Петр Григорьевич присел в кресло напротив:
— Да вы, я вижу, тоже — толковый… Не потому ли вы здесь? Извините за любопытство…
— Так ведь я на дуэли дрался, — просто ответил ротмистр.
— За что же?
— А я — как Фердинанд Лассаль! Шерше ля фам!
Разница в том, что не меня застрелили, а я застрелил…
— Кого же?
— Мерзавца, Петр Григорьевич, мерзавца! — очень серьезно и даже грустно сказал ротмистр. — Такого мерзавца, что, если бы я был не из тех самых Румянцевых — быть бы мне в Акатуе, да не ротмистром…
— Значит, и вы — из недовольных?
— А кто доволен? Все недовольны! Вот загадка, господа революционеры. У месье телеграфис всегда клуб. Ссыльные все знакомы, спорят, горячатся…

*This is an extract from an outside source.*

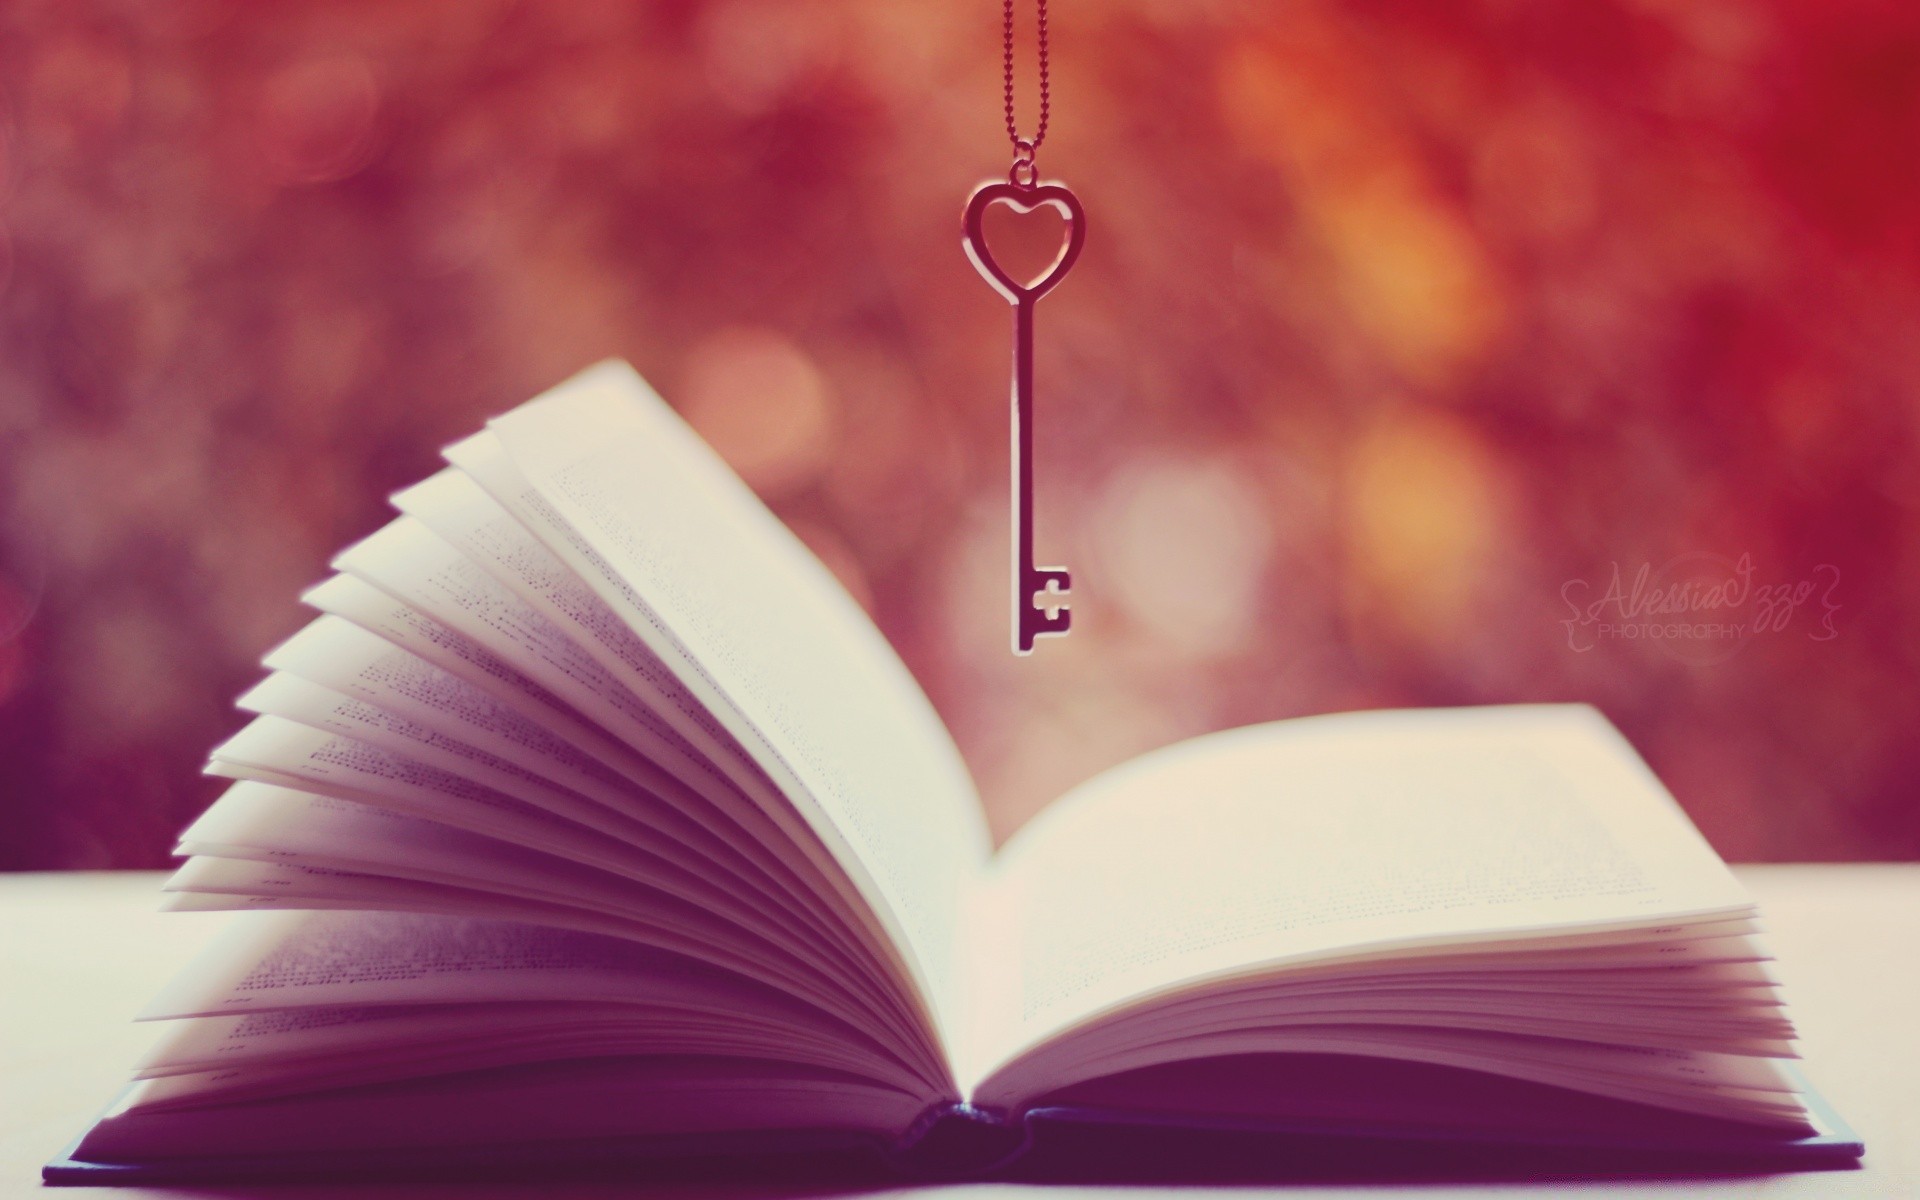 винтаж книга литература знания бумага библиотека мудрость образование страницы любовь сердце исследование
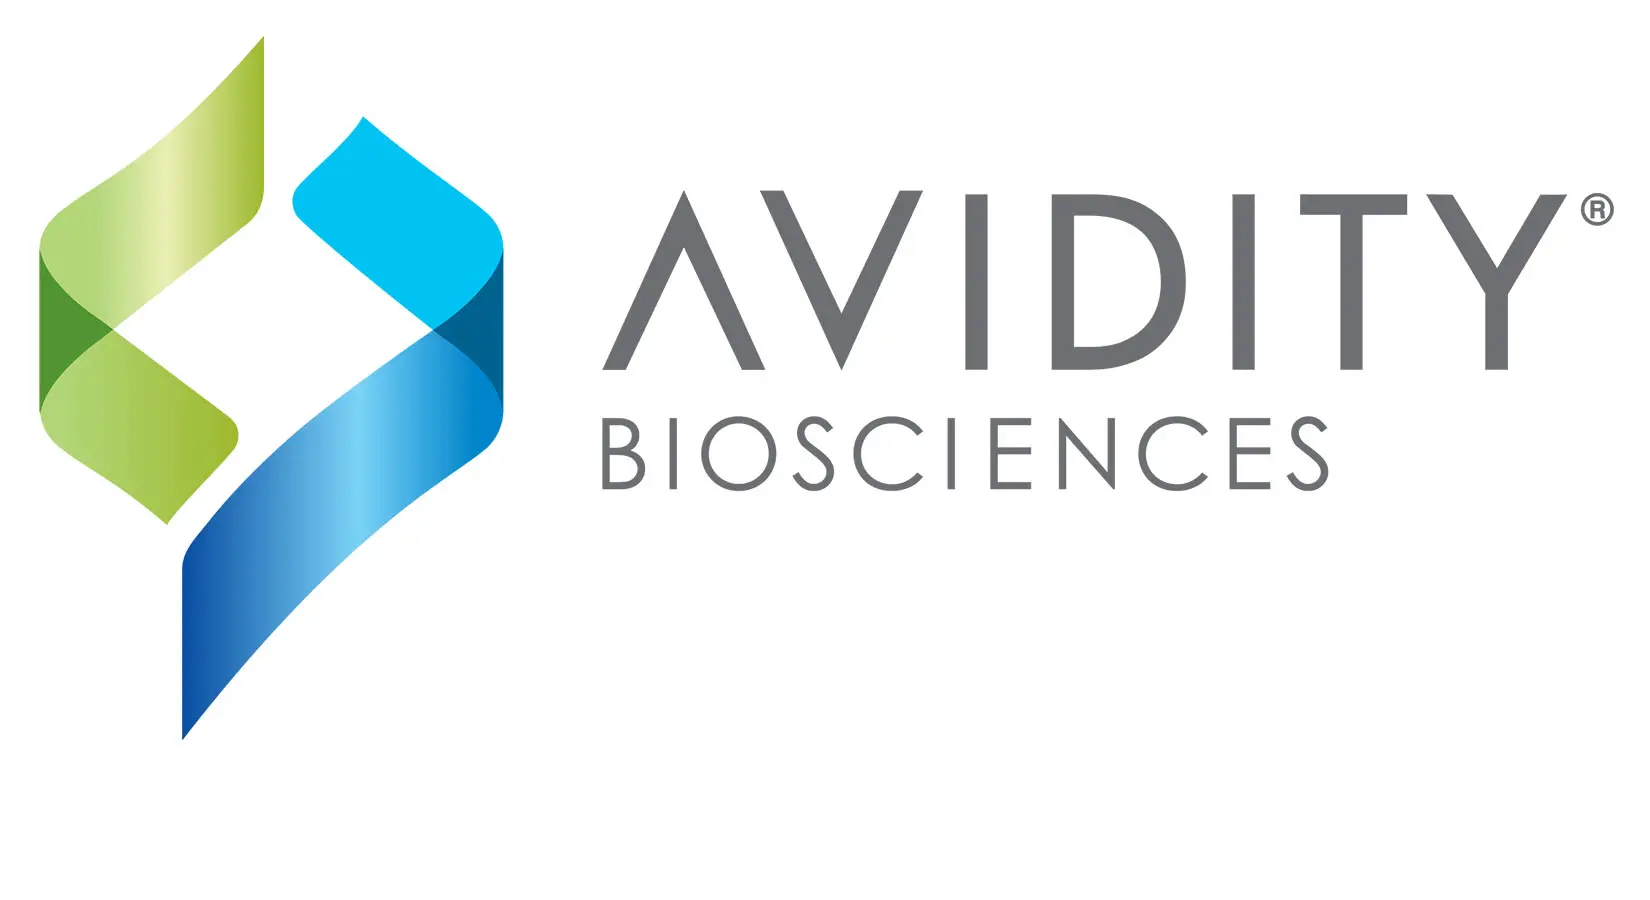 Avidity Logo

— Да ведь это удобно для полиции, когда известно место незаконных сборищ…
— Петр Григо-о-орьевич! — протянул ротмистр, — да что я там услышу? Долой самодержавие? Так я это давно уже на зубок выучил! Вы ведь никогда не сговоритесь, господа, нет. Сэт инпосибль… Жамэ[2]… Я ведь наблюдаю… Встреча со слезами, объятия, воспоминания… Три минуты водой не разольешь… А потом как сцепятся: у Гегеля этого нет! Нет, есть! Нет — нет! Глаза загораются. Враги, давно ль вы ими стали? Что вам Гегель, что вам высокоумный этот немец, когда оба вы в русских кандалах!..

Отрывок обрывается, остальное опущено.